Thanks everyone for the comments.

Steven - I can't capture the fish. I'll try a higher ISO but it goes grainy. Damn my P&S camera!



jazzlvr123 said:


> how come i cant see the photo and everyone else seems to?!?


http://img260.imageshack.us/img260/4378/shadexv4.jpg


----------



## waton8 (Aug 13, 2007)

A plant that grows in a very unique way in those conditions is Amannia gracilens, grows whit an incredible red color and not as big as with high-tech conditions, may be you can create a point of atencion with a cople of those plants...

i been loking your scaping and looks kind of dificult to place a red plant... jejejejeje  

well is an idea... 

PD: that Java fern... wooooouuuu!!!!


----------



## zig (Jul 3, 2005)

It looks great George these tanks are hard to scape given the dimensions of them, this is an excellent job, it looks so much better than last time you posted it for sure, wonder what a white background would look like.

Nice work or should I say no work for this low light setup


----------



## gf225 (Mar 26, 2005)

Thanks again.

Peter - Thanks mate. The Juwel Rio 125 is crappy to scape with only 14" front to back. I'm looking forward to my next tank, with 24" to play with.

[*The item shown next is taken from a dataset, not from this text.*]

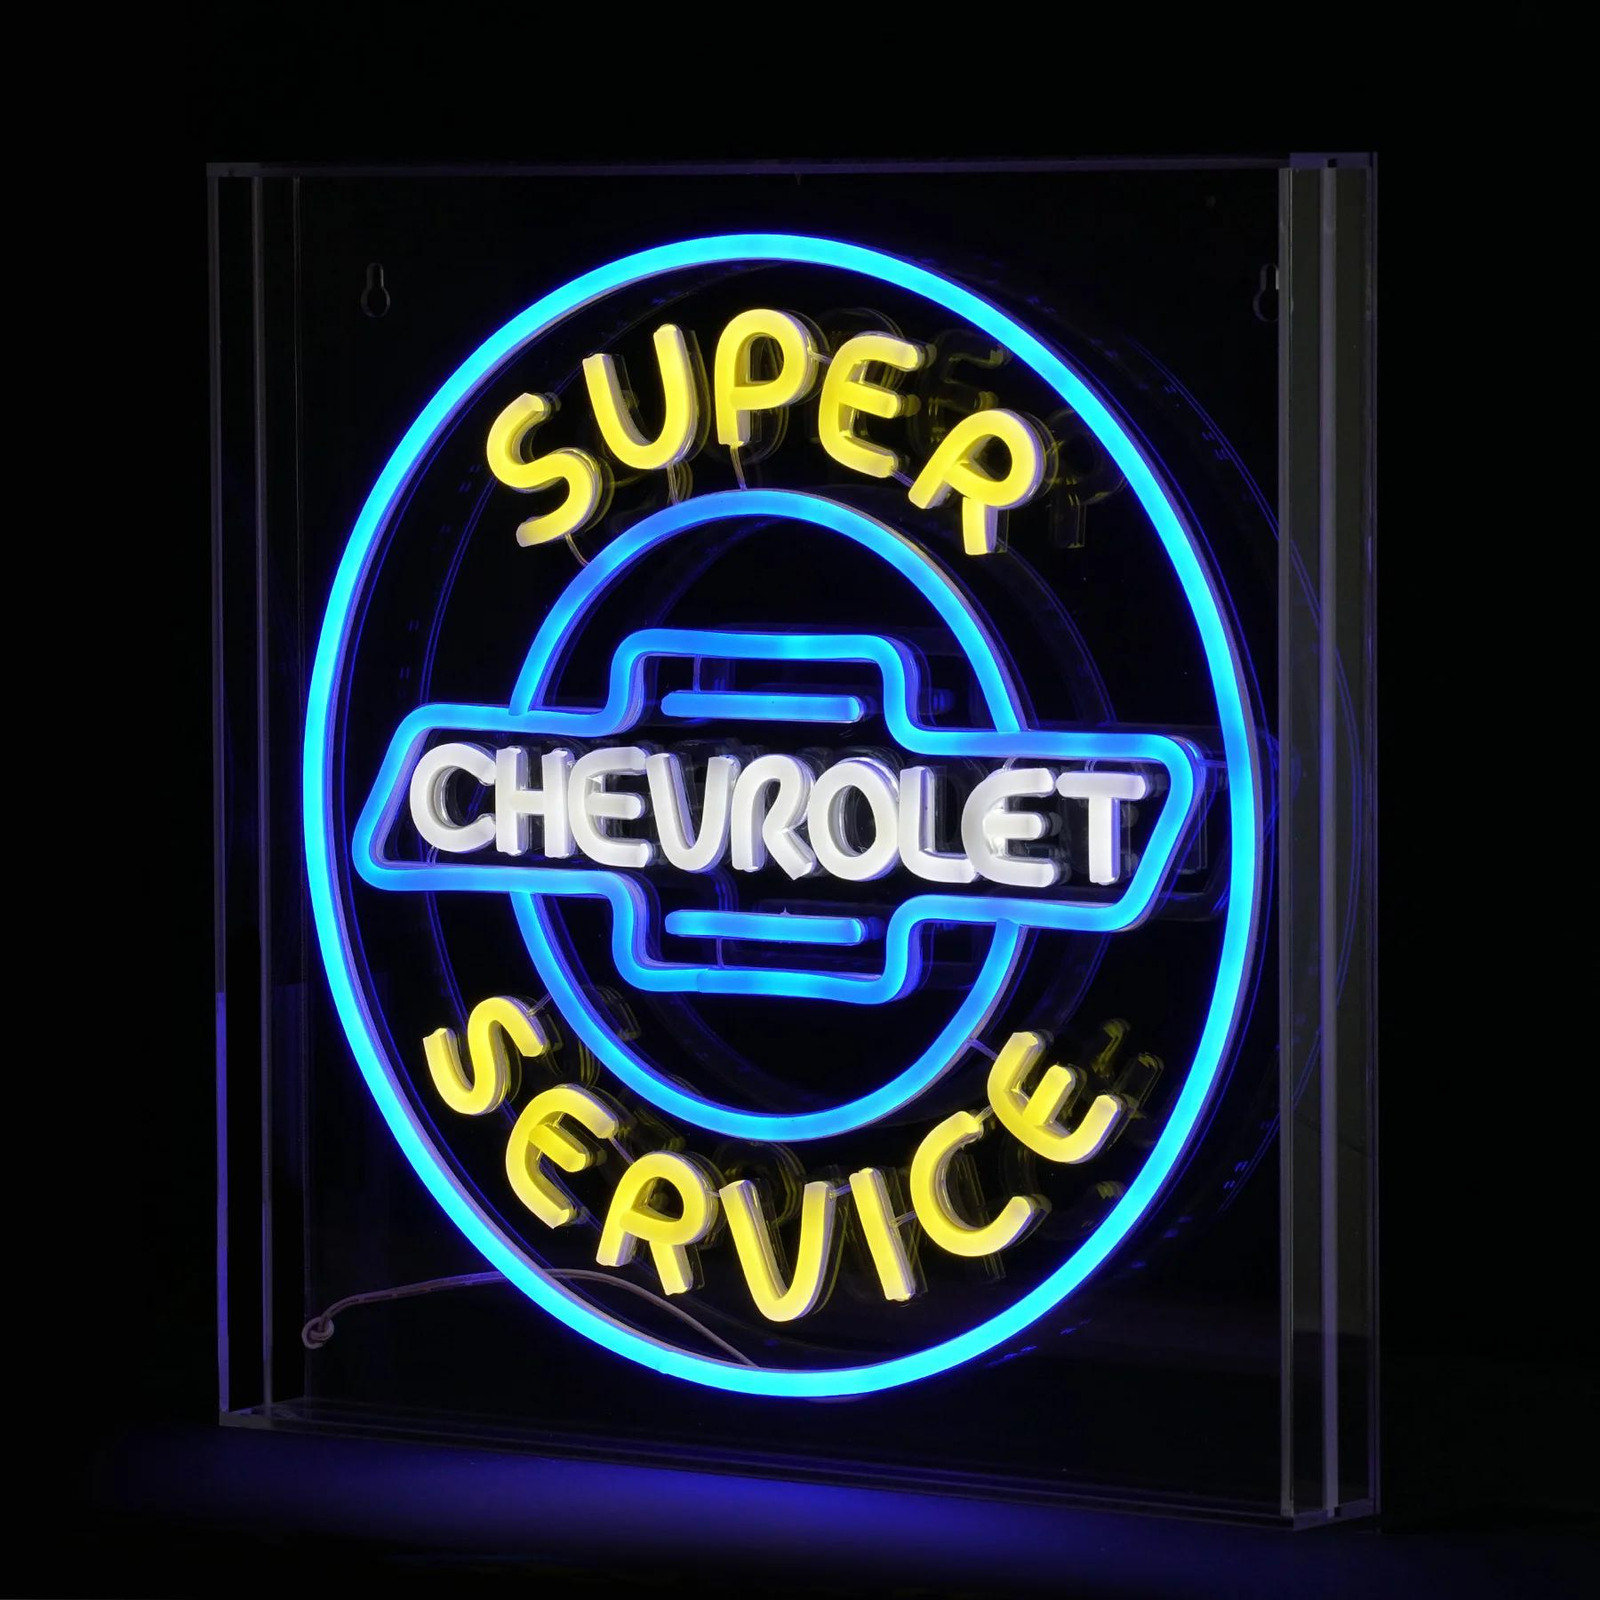 Chevrolet Acrylic LED Sign Neon Like Tubing Chevy Super Service Wall Decor

PFK magazine photographer, Neil Hepworth, is over for a photo shoot for a feature that I'm writing soon. We'll try a backlit white background I'm sure and it will nice to see the fish in detail too.


----------



## gf225 (Mar 26, 2005)

Full working shot


----------



## kiwik (Apr 3, 2007)

used to have a low light thing like that. never used ferts, it got lost after a year. nutrient deficiency wiped out all the java ferns. got some help from someone on this forum and learned how to start dosing ferts.


----------